Available: http://www.etsy.com/uk/listing/187410023/polar-bear-2-sizes-large-and-small?

http://www.ravelry.com/patterns/library/polar-bear-2-sizes-large-and-small


----------



## belleflower (Apr 23, 2013)

Ahh really adorablexx


----------



## jancrazy (Feb 22, 2014)

Oh no, another must have lol, you are so clever love this one


----------



## tintin63 (Apr 18, 2011)

Just got him Pat. Another lovely pattern.:-D I have just the right yarn for this in the bear drawer but I have another project to finish first. 
Love him :thumbup:
Tina x


----------



## Gypsycream (Nov 23, 2011)

tintin63 said:


> Just got him Pat. Another lovely pattern.:-D I have just the right yarn for this in the bear drawer but I have another project to finish first.
> Love him :thumbup:
> Tina x


Aww! thank you Tina xxx Hope you enjoy making him/her/them


----------



## Ritaw (Nov 25, 2012)

Yaaaay they are just adorable Pat . I think they are just something that everyone will want to cuddle . X


----------



## StellasKnits (Apr 10, 2011)

Wow! Another adorable bear. I'm always amazed at how quickly you put the patterns for your bears together! From just pictures in the Pictures section 2 days ago to a pattern for us already. You are amazing! Do you ever sleep? ha ha Bravo on another winner


----------



## Gypsycream (Nov 23, 2011)

Thank you


----------



## chris kelly (Nov 9, 2012)

Wow Pat. An adorable pair of Polar bears. You are so kind in sorting through your notes for us. So many of us begged for that pattern. A lot of us have fond memories of polar bears in one form or another and these bought back happy thoughts of childhood.
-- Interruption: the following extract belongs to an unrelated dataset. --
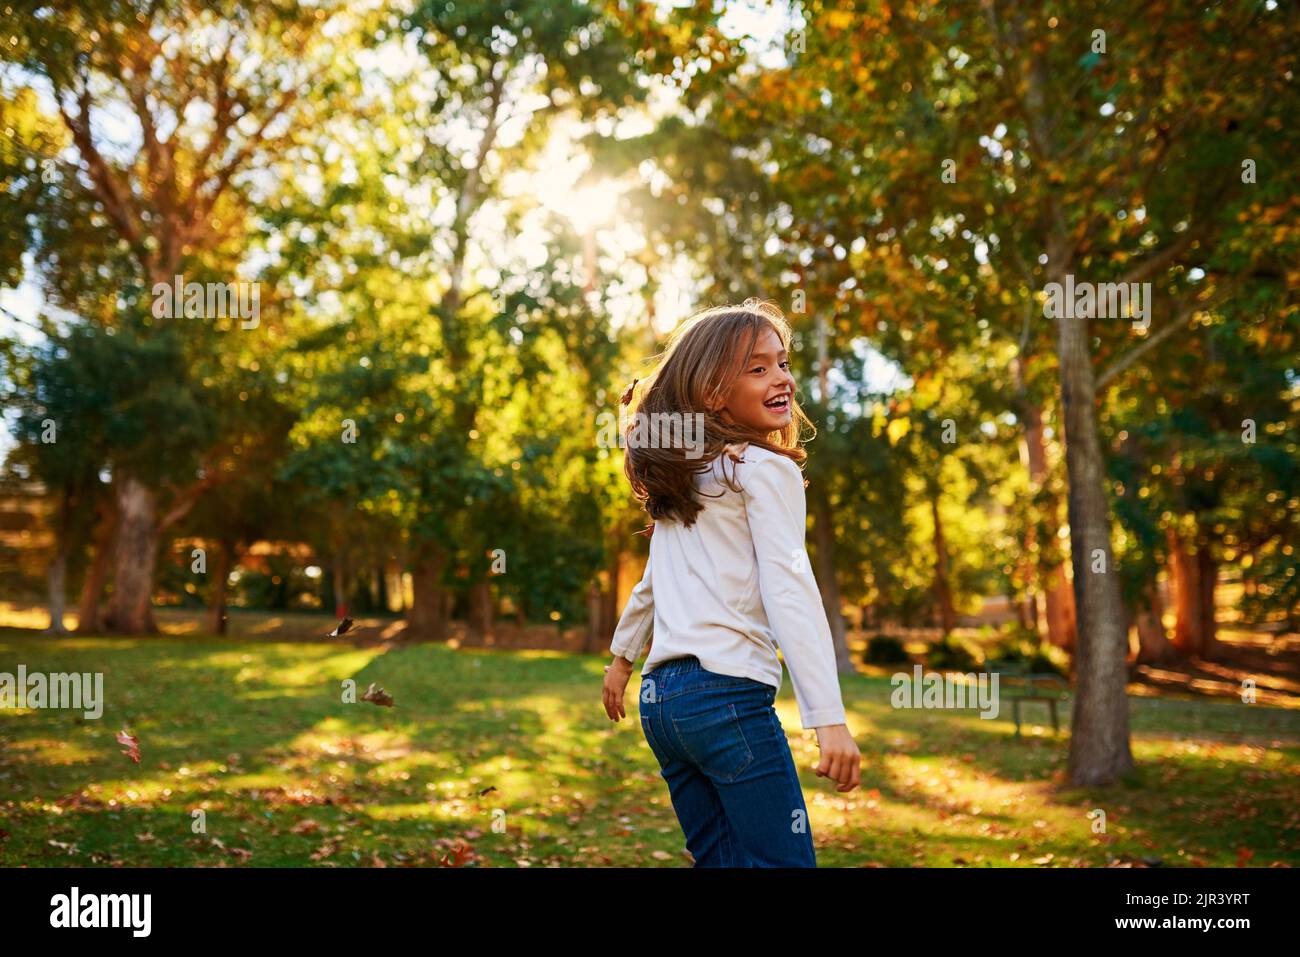 Les enfants rendent chaque moment spectaculaire. Une petite fille heureuse jouant à l'automne quitte l'extérieur. Banque D'Images

I adore their little faces. I only hope I can do justice to your pattern. I also love the fact you haven't stuck to brilliant white, as in the wild they are a creamy colour. Ohhhhh, I can't hang around now; got to knit. Yeeaaa, thank you, lovely lady.


----------



## bevmckay (Feb 28, 2012)

Another must have pattern and I already have the yarn. Yeah! I will get it this weekend. Thanks Pat!


----------



## DonnieK (Nov 23, 2011)

You are so wonderful. When I saw the pictures and begged you to make up the pattern I never dreamed you would do it so quickly!! And, I know that you did not prepare to make a pattern to sale! So, this one came together quickly!! You are just getting too good. You Rock! Thank you for this deciding to share it with all of us who love your patterns so much. After this week all of my "must do's" will be caught up with and I am going to do nothing but knit for the next few months of your patterns! What fun to look forward to!!!
Thanks again. They are absolutely beautiful!


----------



## jumbleburt (Mar 10, 2011)

Adorable!


----------



## Gypsycream (Nov 23, 2011)

DonnieK said:


> You are so wonderful. When I saw the pictures and begged you to make up the pattern I never dreamed you would do it so quickly!! And, I know that you did not prepare to make a pattern to sale! So, this one came together quickly!! You are just getting too good. You Rock! Thank you for this deciding to share it with all of us who love your patterns so much. After this week all of my "must do's" will be caught up with and I am going to do nothing but knit for the next few months of your patterns! What fun to look forward to!!!
> Thanks again. They are absolutely beautiful!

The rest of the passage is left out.